A lot of people say that worry is unproductive because what you worry about rarely comes to pass. Well, I don’t know about you, but I have an uncanny ability to make happen exactly what I worry about. So I’ve had to learn to let go of worries. But being married to a worrier has taught me that I’m not a big worrier by nature.
Instead I tend to look to the future as salvation and to the past with regret. I obsess over what I’ve done wrong, what I could have done better, and feel sadness about losses, both of people and opportunities. But doing that is also unproductive. My point of power in those situations was in the past.
Overcoming our tendencies to worry or obsess is difficult, I think. More difficult than choosing to be grateful, for example, but the act of choosing gratitude can help us stay present. When we’re expressing gratitude, we’re in the present, acknowledging our surroundings.

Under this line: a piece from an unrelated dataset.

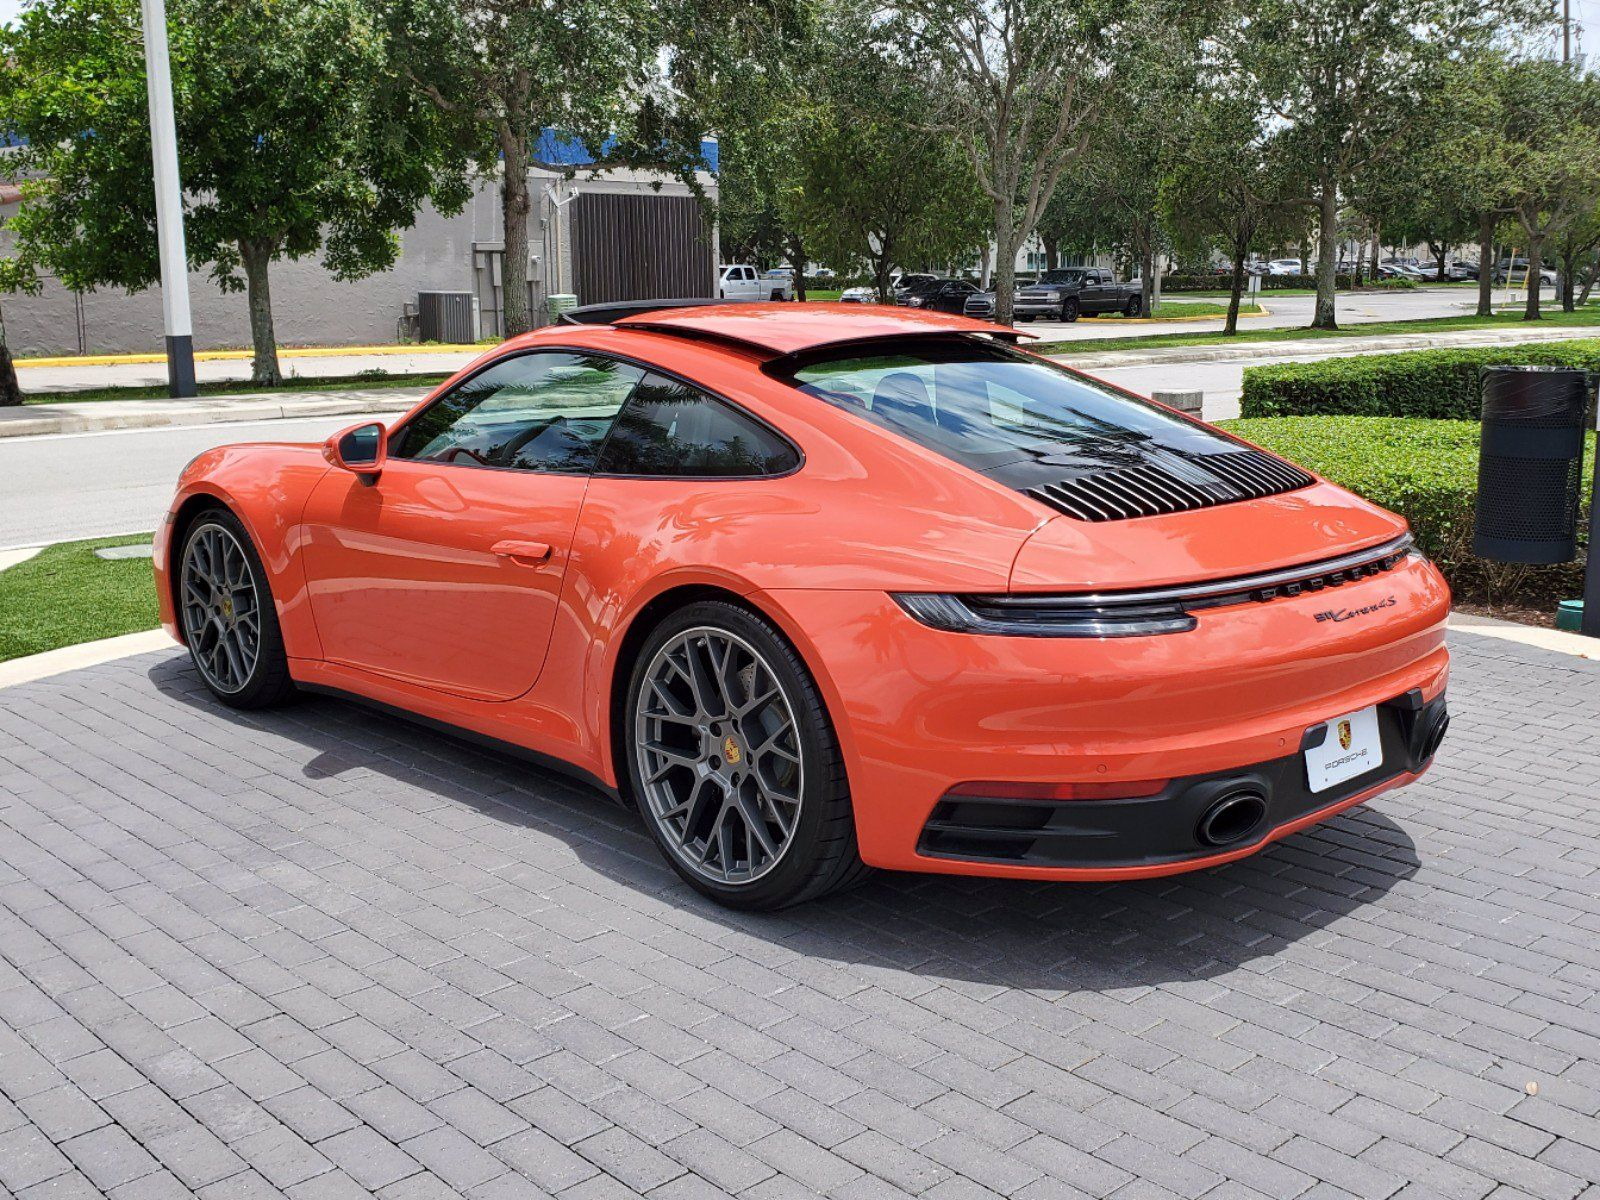 2020 Porsche 911 Carrera 4S (992) – 3

For example, right now I’m sitting at a granite countertop typing on my laptop in our cozy Topanga, CA vacation cottage and watching my husband make breakfast. I’m enjoying the warm sunshine and cool breeze blowing through the window screens, smelling delicious bacon, eggs, and sausage cooking, and listening to birds sing. As I fully experience this moment, I can’t focus on either the past or future, and that is a good thing. I am present.
Assuming other people mean well.
You probably know I’m a volunteer CASA, a court-appointed special advocate for foster children. People often ask me how I do that, how I interact with parents whose children have been removed from their care due to abuse or neglect. I’ll tell you what I told my supervisor during the initial interview, “I believe that people do the best they can with the knowledge and understanding they have in that moment.” And yes, just like the other mental shifts above, this is a conscious choice.
Let me put this another way: I don’t believe there are bad people. I think some people do bad things or make poor choices, but doing so doesn’t make them bad people. And yes, this applies to everyone, including those who are cruel to animals, abuse children, and commit acts of terrorism or extreme violence. These individuals too are doing the best they can with their current understanding of the world which, admittedly, may be tremendously flawed. But we are all human and we all have made poor decisions.
My faith in people doesn’t mean I think they should be freed from accountability for their actions, that we should all just hold hands and sing kumbaya. I absolutely believe that we should be held accountable for our actions.
I want to assure you that I am not approaching this stance from naïveté. I know that some people intentionally harm others, and I consider those situations to be cases of wrong thinking. Something they believe has led them to think their actions are necessary for the protection of themselves, their loved ones, or society—or they lack empathy. None of these alternatives makes them bad people, it makes them human (read: imperfect) beings.
But here’s the bottom line: What does the belief that others mean well do for me?
It makes the world a friendlier, more sympathetic place. It gives me hope despite the many challenges we face as a society and planet. It makes it easier to live a happy, healthy life.
What mental shifts have you made that improved your life? Are there any of mine that you implemented with success or would like to?